In practice, we choose the model which has the minimum \(C_p\) value: so we essentially penalise models of higher dimensionality (the larger \(d\) is the greater the penalty).
1.2.2 AIC
For linear models (with normal errors, as is often assumed), Mallows’ \(C_p\) is equivalent to the Akaike Information Criterion (AIC) (as the two are proportional), this being given by \[AIC = \frac{1}{n\hat{\sigma}^2}(RSS + 2 d \hat{\sigma}^2).\]
1.2.3 BIC
Another metric is the Bayesian information criterion (BIC) \[BIC = \frac{1}{n\hat{\sigma}^2}(RSS + \log(n)d \hat{\sigma}^2),\] where again the model with the minimum BIC value is selected
In comparison to \(C_p\) or AIC, where the penalty is \(2d \hat{\sigma}^2\), the BIC penalty is \(\log(n)d \hat{\sigma}^2\).

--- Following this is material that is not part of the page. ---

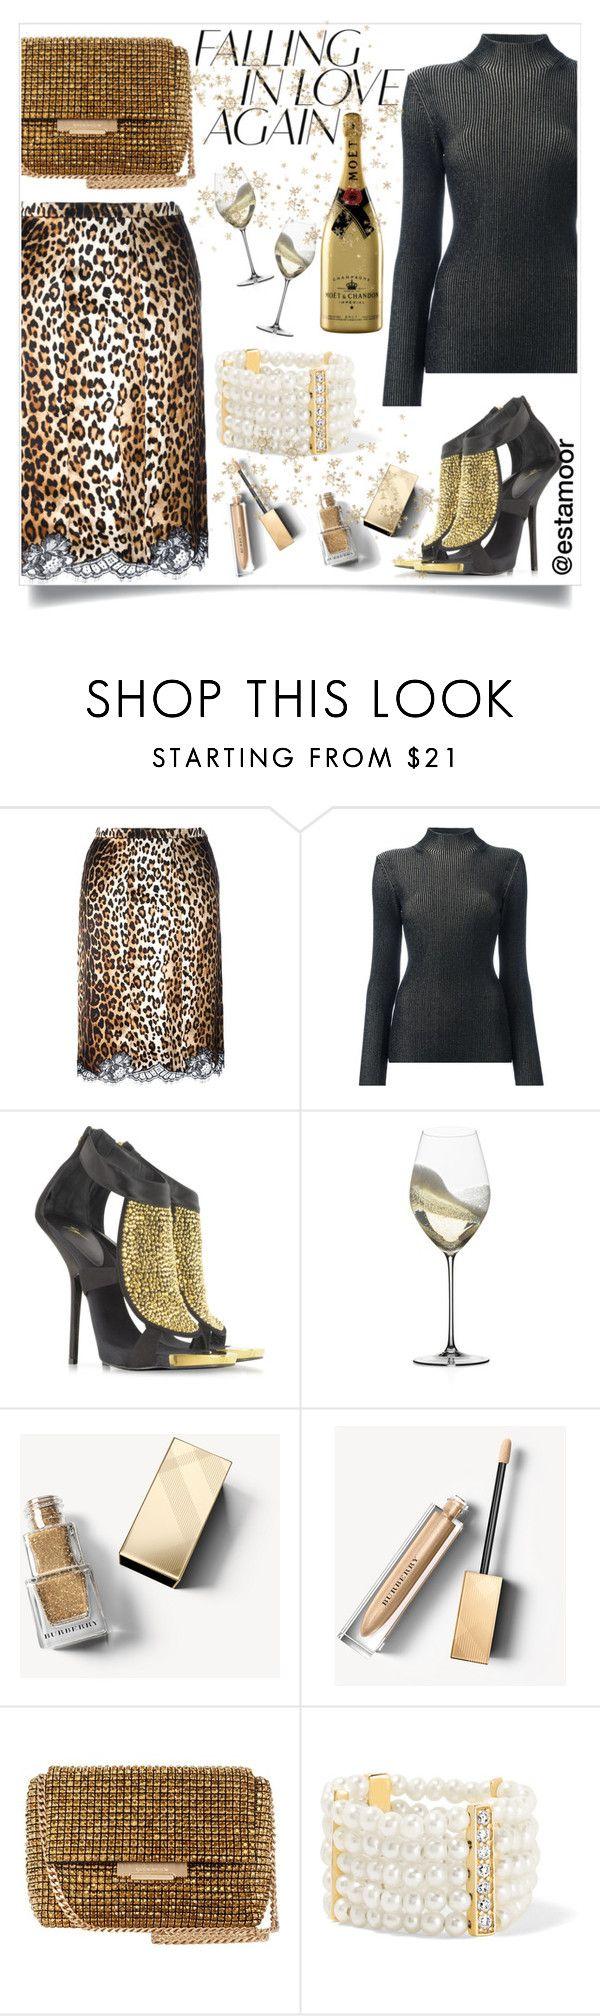 """gold"" by estamoor on Polyvore featuring мода, Givenchy, Proenza Schouler, Giuseppe Zanotti, Riedel, Burberry, Karen Millen и Anissa Kermiche"

This means that generally BIC has a heavier penalty (because \(\log(n)>2\) for \(n>7\)), thus BIC selects models with fewer variables than \(C_p\) or AIC.
In general, all three criteria are based on rigorous theoretical asymptotic (\(n\rightarrow \infty\)) justifications.
1.2.4 Adjusted R-squared value
A simple method which is not backed up by statistical theory, but that often works well in practice, is to simply adjust the \(R^2\) metric by taking into account the number of predictors.
The adjusted \(R^2\) value for a model with \(d\) variables is calculated as follows
\[
\mbox{Adjusted~} R^2 = 1 - \frac{RSS/(n-d-1)}{TSS/(n-1)}.
\]
In this case we choose the model with the maximum adjusted \(R^2\) value.
1.2.5 Example
By plotting the various model selection criteria against the number of predictors (Figure 1.4), we can see that, in our example, \(C_p\), AIC and BIC are in agreement (2 predictors). Adjusted \(R^2\) would select 3 predictors.
1.2.6 Further points
- A shortcoming of the previous approaches is that they are not applicable for models that have more variables than the size of the sample (\(d>n\)).
- Also, in the setting of penalised regression (which we will see later on in the course) deciding what \(d\) actually is becomes a bit problematic.
- CV is an effective computational tool which can be used in all settings.
For the purposes of this illustration, we add the variables by index order, so three predictors corresponds to \(x_1,x_2,x_3\) etc. How we should select \(x_1\) and \(x_2\) when we don’t know which variables are important comes later!↩︎